Au total, avec sept critères évalués par 32 indicateurs, le document a des airs d’exhaustivité. Mais comparé au cadre "qualité" déjà mis en place par les anciens organismes paritaires collecteurs agréés (Opca), rien de vraiment nouveau. Dans leur base de données Datadock, qui existe depuis plus de deux ans, on retrouve en effet six des sept critères dernièrement proposés : seule "l’inscription du prestataire dans son environnement socio-économique" est une réelle innovation. 

Une réforme qui favorise les grandes structures ?

Prévu pour entrer en vigueur le 1er janvier 2021, pour que les organismes aient le temps de s’adapter, le dispositif ne fait pas l’unanimité. Marie Gouttard, formatrice, dénonce dans une tribune au Monde du 13 février une avalanche de décrets techniques, d’obligations administratives, financières, environnementales, logistiques... qui ne sont guère à l’avantage des petites structures. Les grands organismes sont évidemment mieux armés pour faire face à cette technicité, même si "le ministre chargé de la Formation professionnelle publie sur son site des informations permettant de faciliter la lecture du référentiel mentionné à l’article", comme le mentionne le projet de décret, en forme d'un aveu de complexité. 
Dans une autre tribune du Monde du même jour, Guy Le Boterf, professeur de management, déplore dans cette réforme une absence de nouveauté dans le domaine non technique des formations : apprendre le savoir-être, une notion qui complète le savoir-faire, et qui est de plus en plus nécessaire dans le monde du travail, toujours plus communicatif et collectif. Un savoir qui pourrait paraître impalpable, mais qui s’enseigne tout de même, qui est nécessaire dans tous les métiers et à tous les niveaux, et qui aurait mérité une place dans les critères d’évaluation.
Pour Muriel Pénicaud, ministre du Travail, il s’agit davantage de faire de la régulation, non de l’opérationnel. Aux formateurs donc d’innover en matière de formation ; les pouvoirs publics se mêlent d’évaluer, pas de fixer le contenu.
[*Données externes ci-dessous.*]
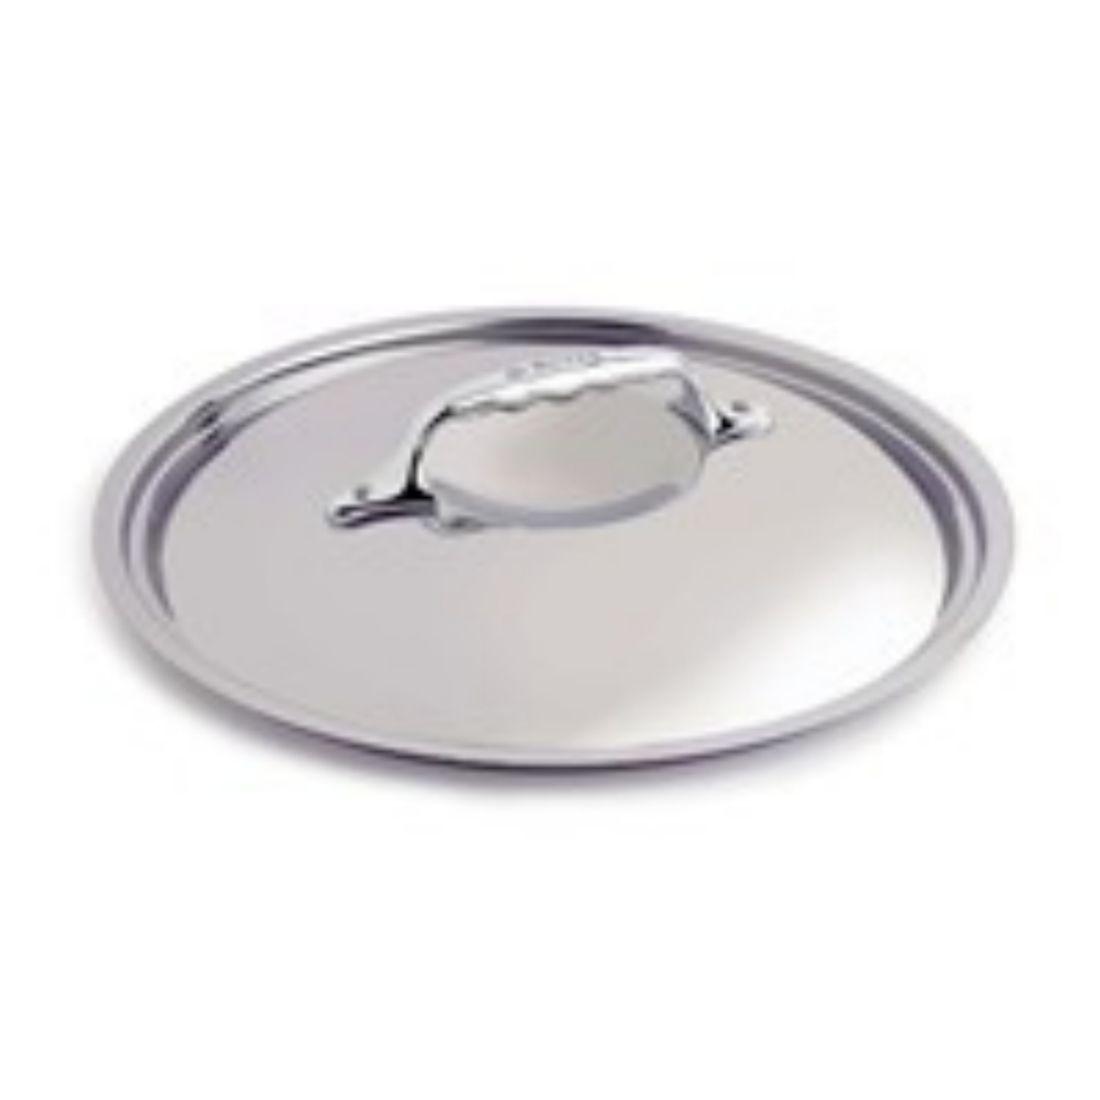 Poklice nerezová pro měděné nádobí, pr. 28 cm
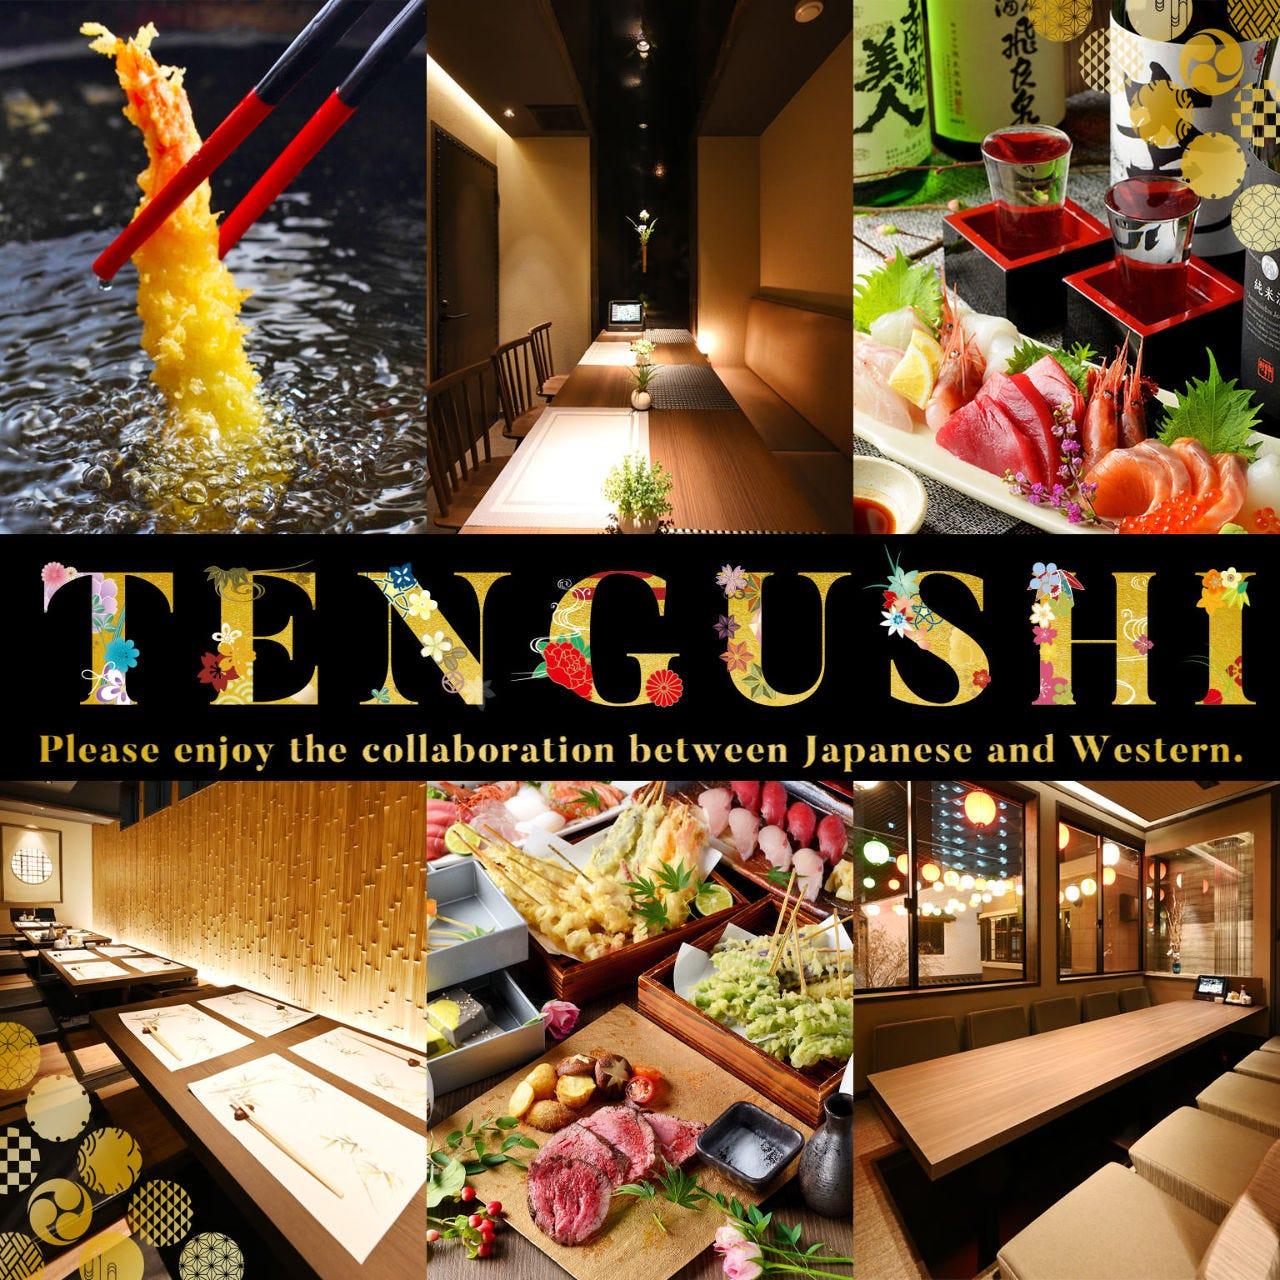 天ぷらとおでん 個室居酒屋 天串(TENGUSHI) 岐阜駅前店

La nouveauté est dans l’outil

Annoncée en avril 2018, créée par la loi du 5 septembre dernier, l’agence France Compétences est en activité depuis le 1er janvier 2019. Elle est l’unique instance de gouvernance de la formation professionnelle et de l’apprentissage, et a pour mission d’assurer le financement, la régulation, le contrôle et l’évaluation. Une centralisation jugée nécessaire pour mieux réguler, entre autres, les prix des formations et éviter des dérives constatées : des prix allant de 1 à 6 pour une même formation (un CAP cuisine de 2.500 à 14.000 euros). Le référentiel national procède également de cette volonté centralisatrice, pour plus de clarté. Une étude d’impact accompagnant le projet de loi Avenir professionnel avait en effet souligné que la multiplicité des labels et certifications rendait difficile l’évaluation par le public. La réforme impose donc pour la première fois un référentiel national unique pour l’évaluation des formations financées sur fonds publics. Outre le caractère unique du référentiel d’évaluation, le projet de décret impose un transfert d’obligation : là où il incombe aux financeurs de vérifier la capacité d’un organisme à dispenser une formation de qualité, ce sont les organismes de formation qui auront l’obligation d’être certifiés.